Монах - [18]

Шрифт
Интервал

— Увы, Росарио, для торжества у меня нет причин: моими устами говорил наш святой, и вся заслуга принадлежит ему. Но, значит, моя проповедь не оставила тебя недовольным?

— Недовольным? Отче, вы превзошли себя! Никогда я не слышал такого пламенного красноречия… кроме одного раза.

Тут послушник вздохнул.

— Какого же? — настойчиво спросил аббат.

— Когда вы проповедовали, заменив нашего покойного настоятеля, потому что его сразил внезапный недуг.

— Я помню тот случай. Было это более двух лет назад. И ты меня слышал? Но тогда я еще не знал тебя, Росарио.

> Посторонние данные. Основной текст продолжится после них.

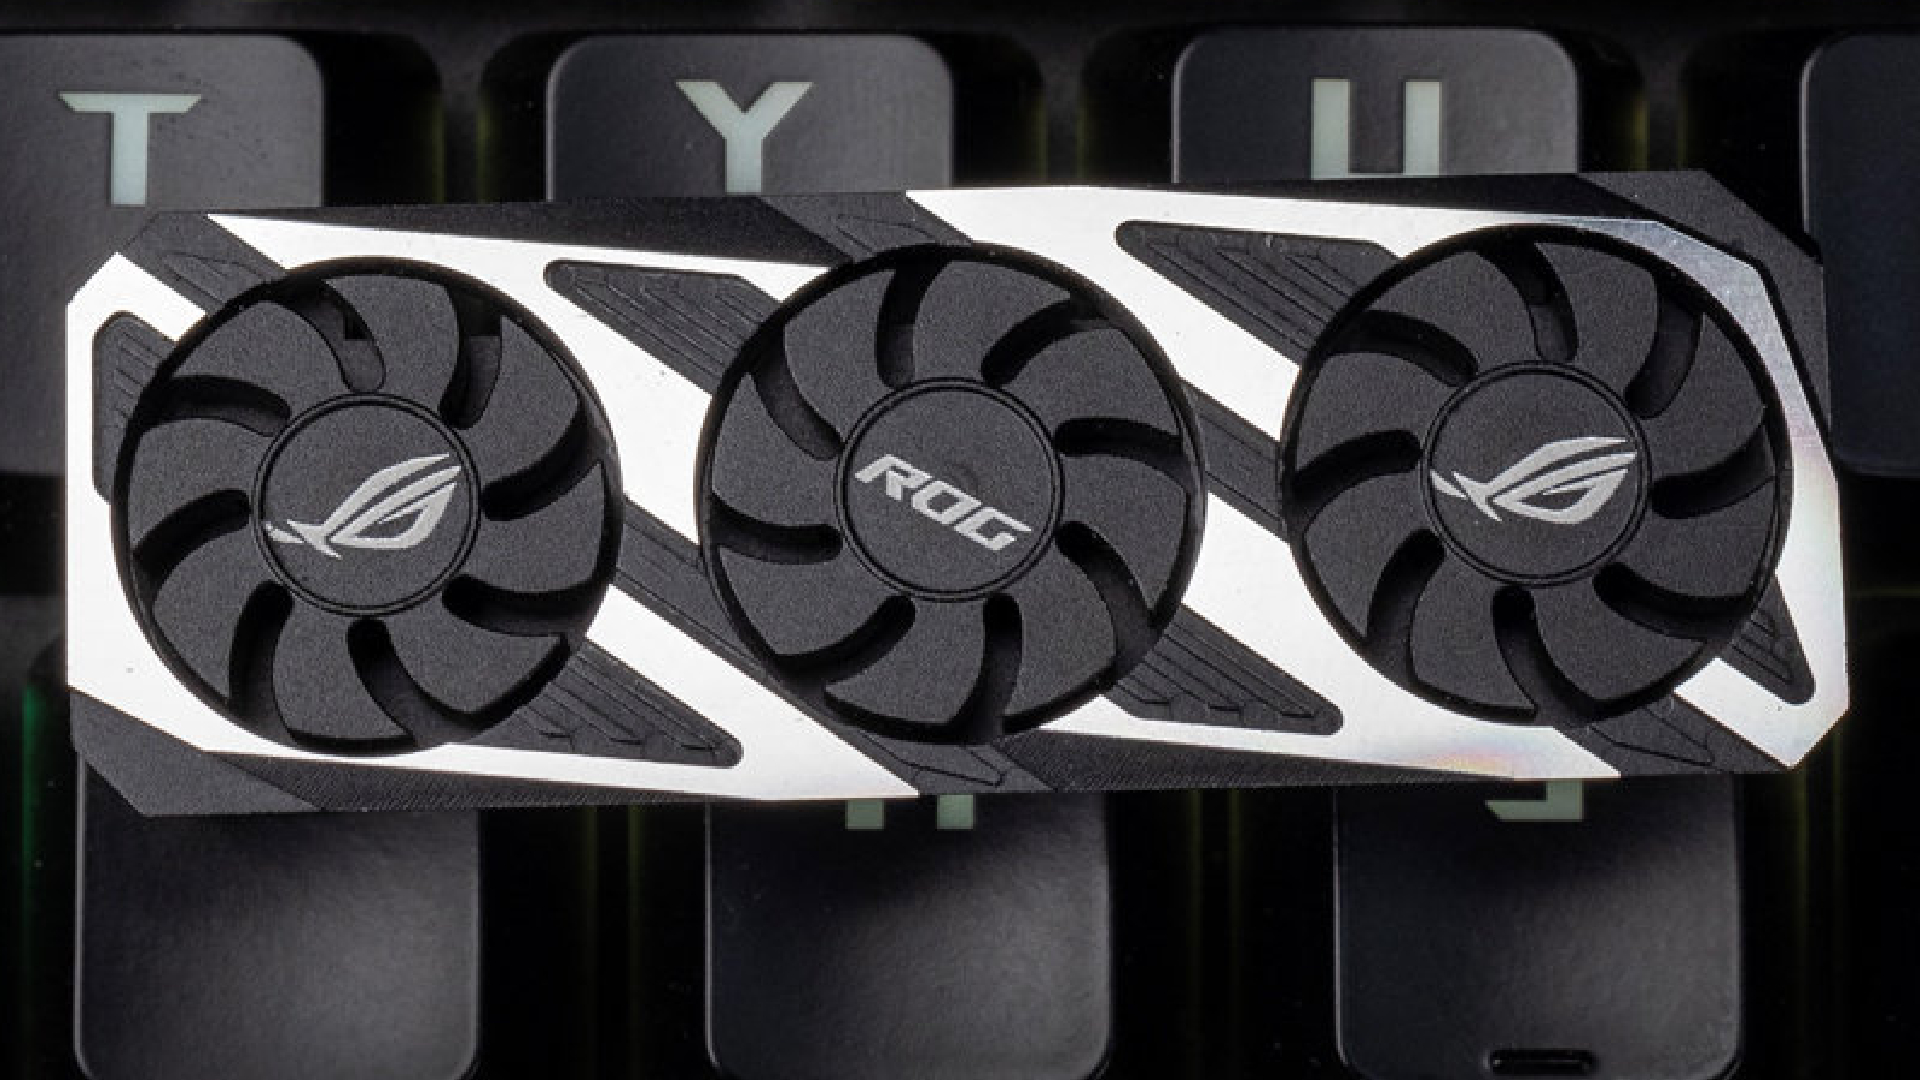 The Nvidia GeForce RTX 3080 keycap gets an Asus ROG makeover

— Правда, отче. И Богом клянусь, я предпочел бы не дожить до того дня. Каких мук, какой печали я избежал бы!

— Муки в твои лета, Росарио?

— Да, отче. Муки, которые, будь они вам ведомы, пробудили бы в вас равно и гнев и сострадание. Муки, которые стали терзанием и радостью моей жизни! Однако в этой обители моя грудь обрела бы покой, если бы не пытка опасениями! Боже! Боже! Как тяжка жизнь в вечном страхе! Отче! Я отринул все, навеки оставил свет и его радости. Не осталось ничего. И ничто не манит меня, кроме вашей дружбы, вашей приязни. Если я лишусь их, отче… Если я лишусь их, вы содрогнетесь перед силой моего отчаяния!

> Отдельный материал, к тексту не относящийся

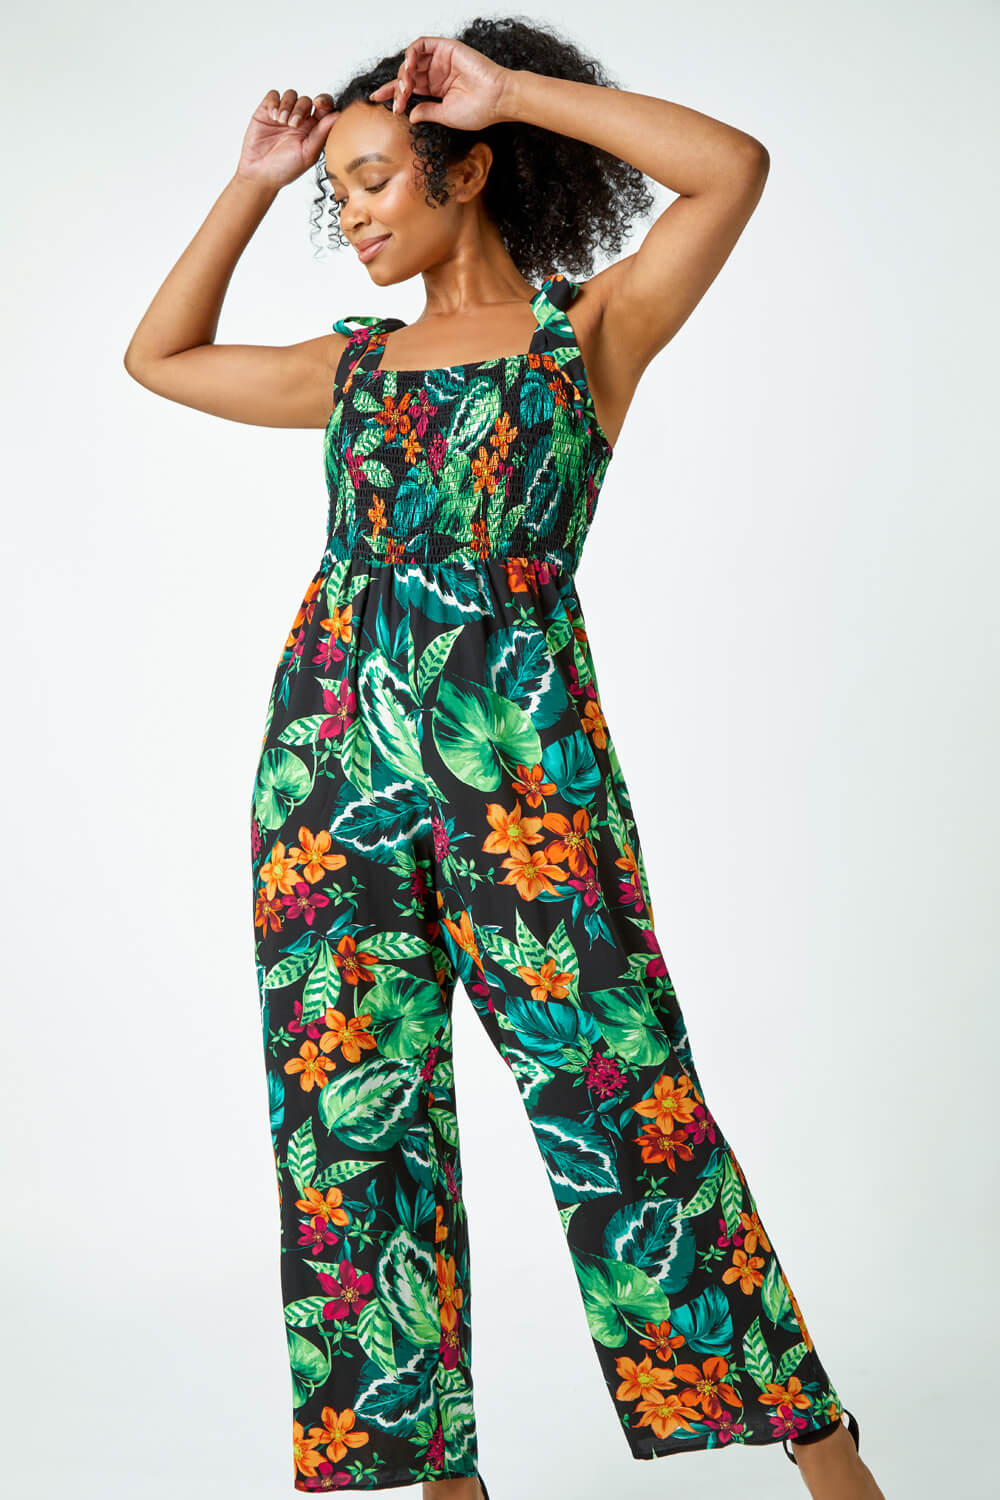 Discover more than 180 petite summer jumpsuit super hot

— Ты опасаешься потерять мою дружбу? Чем твое поведение оправдывает подобный страх? Ты должен знать меня лучше, Росарио, и считать достойным твоего доверия. В чем твои муки? Открой мне и верь, если в моей власти облегчить их…

— О, это в вашей власти и только в вашей! Но открыть их вам я не могу. Вы отринете меня после моего признания! Вы прогоните меня с презрением и отвращением.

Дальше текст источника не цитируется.